**WORK REQUIRED**
Nothing but the lines from the one holding "Baby deer’s adorable" to the final line of the listing below, both included, should be repeated, and each must match exactly. Omit pictures.

**INFORMATION SHOWN**
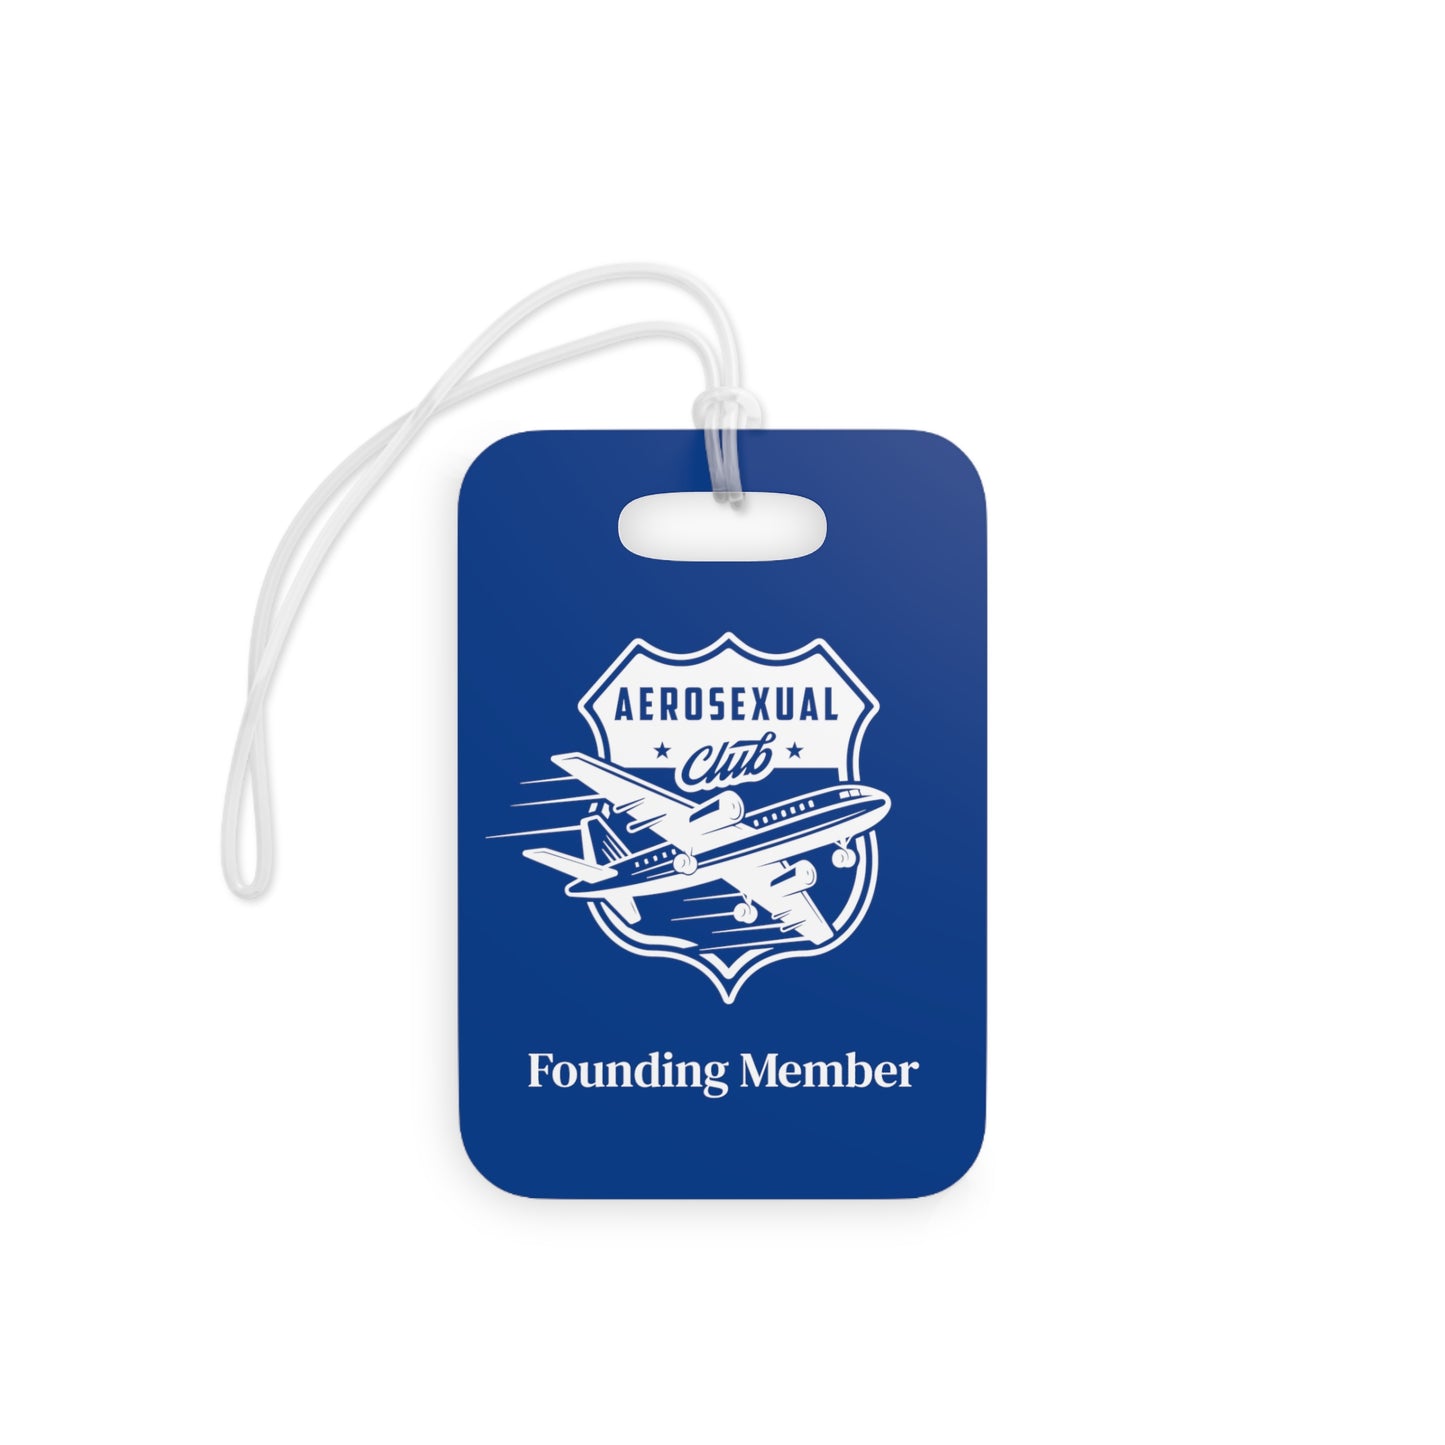 Aerosexual Club Founding Member Luggage Tag Blue (Limited Edition)
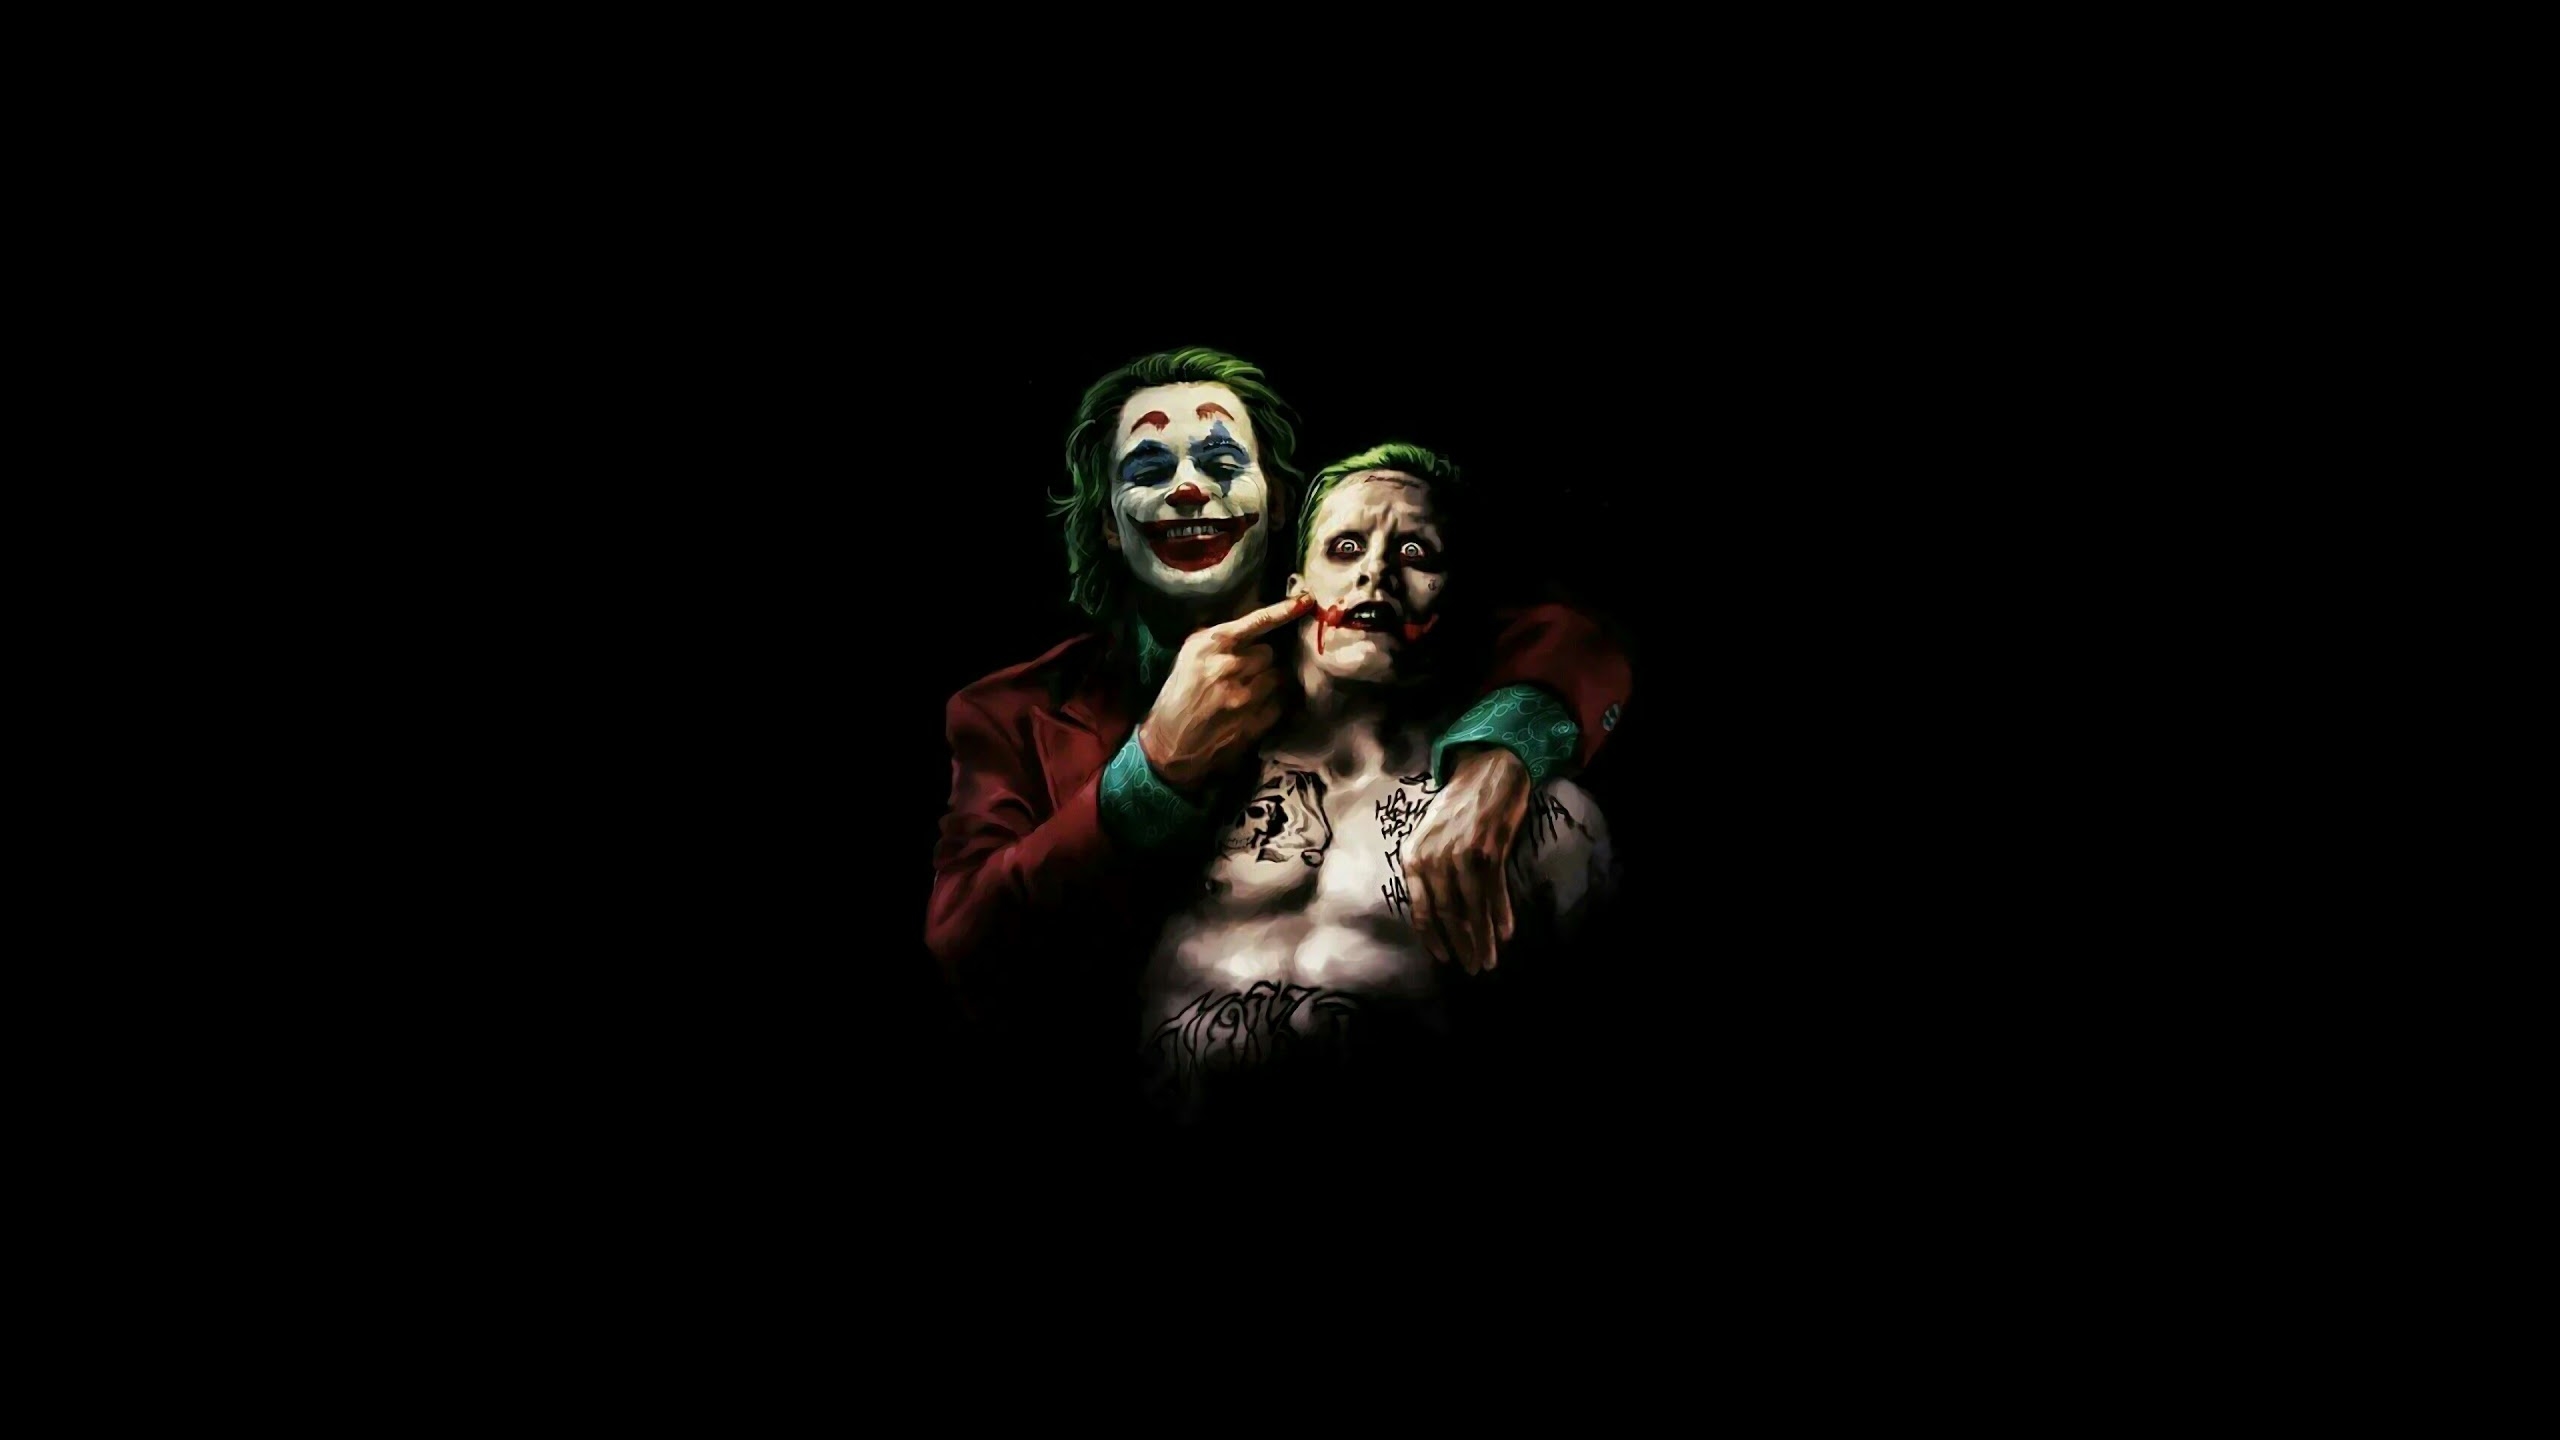 Joker x Joker Wallpaper, HD Superheroes 4K Wallpapers, Images, Photos and  Background - Wallpapers Den
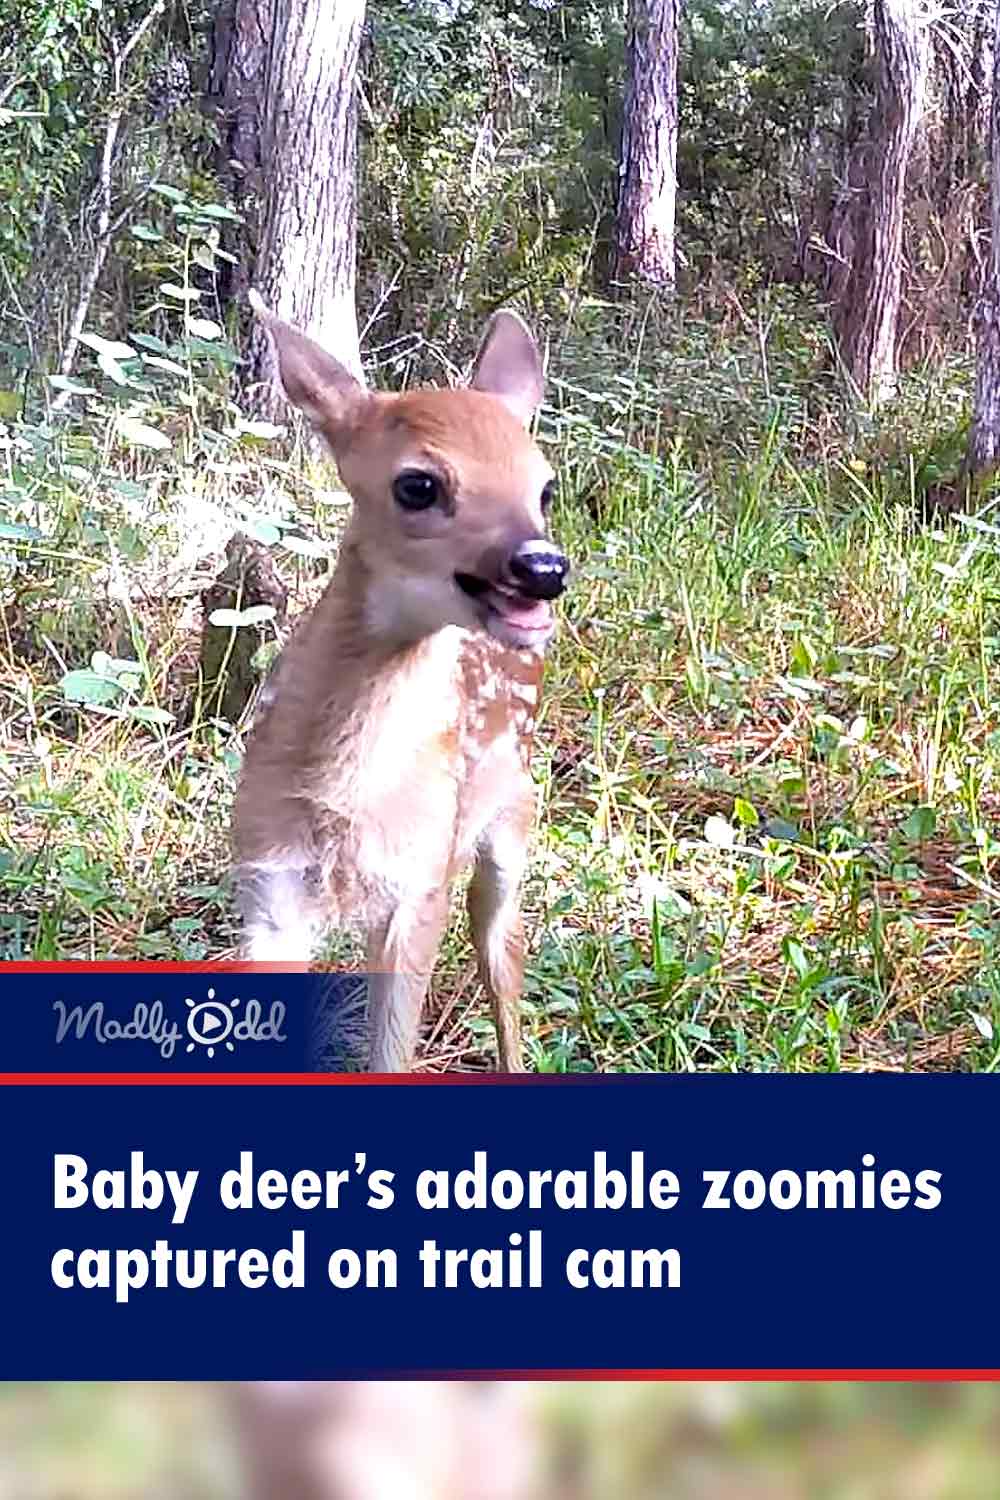 Baby deer’s adorable zoomies captured on trail cam
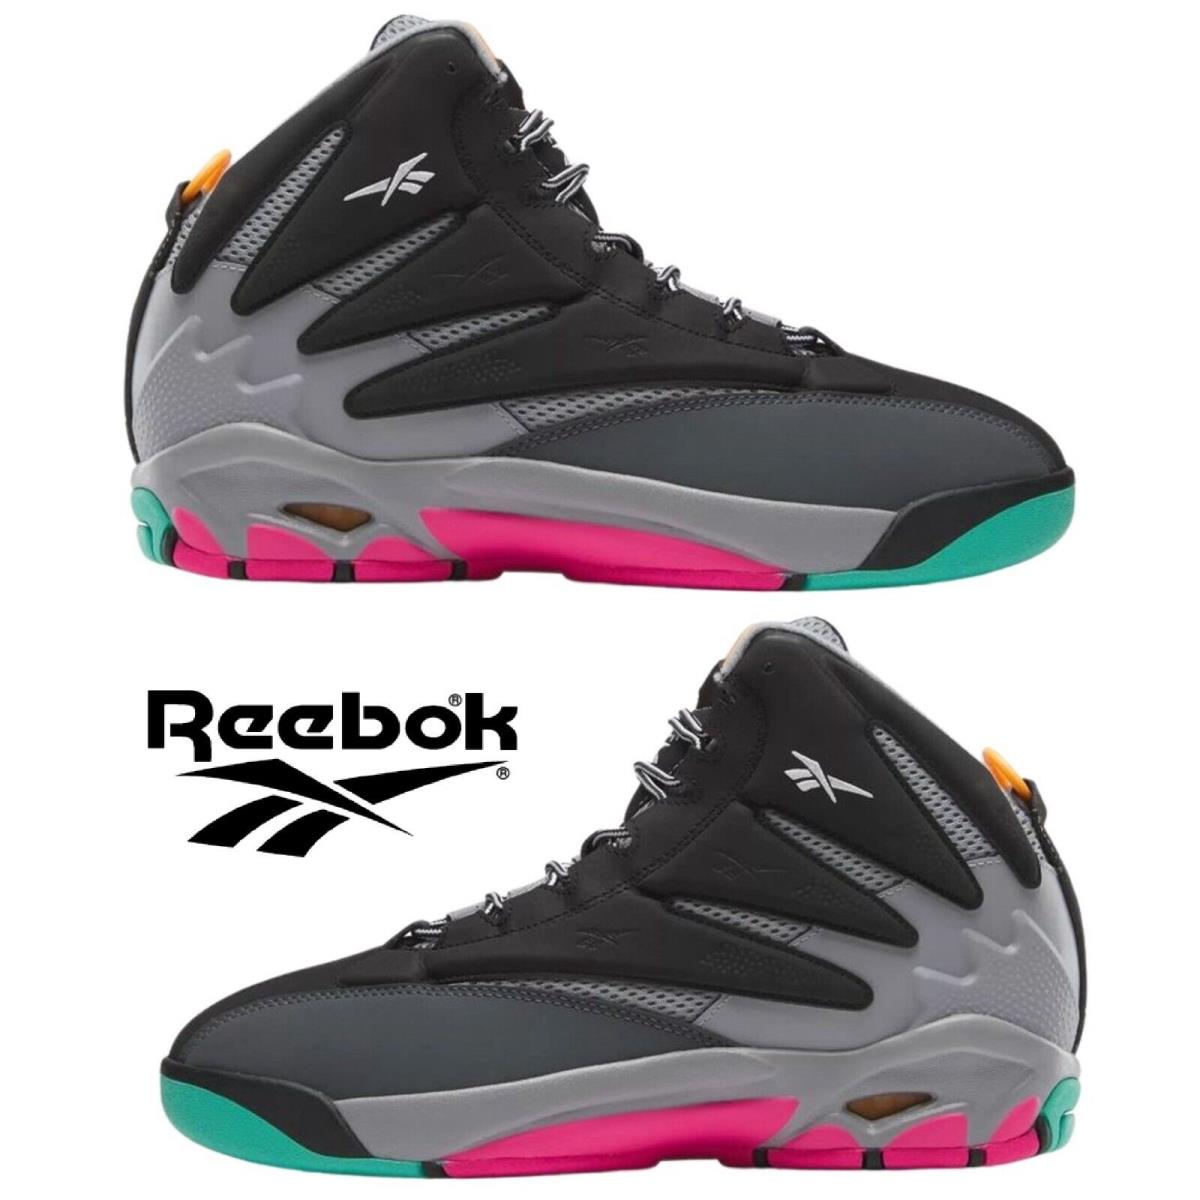 Reebok The Blast Basketball Shoes Men`s Sneakers Running Casual Sport Retro

**WRITTEN REPLY**
 Baby deer’s adorable zoomies captured on trail cam
 Reebok The Blast Basketball Shoes Men`s Sneakers Running Casual Sport Retro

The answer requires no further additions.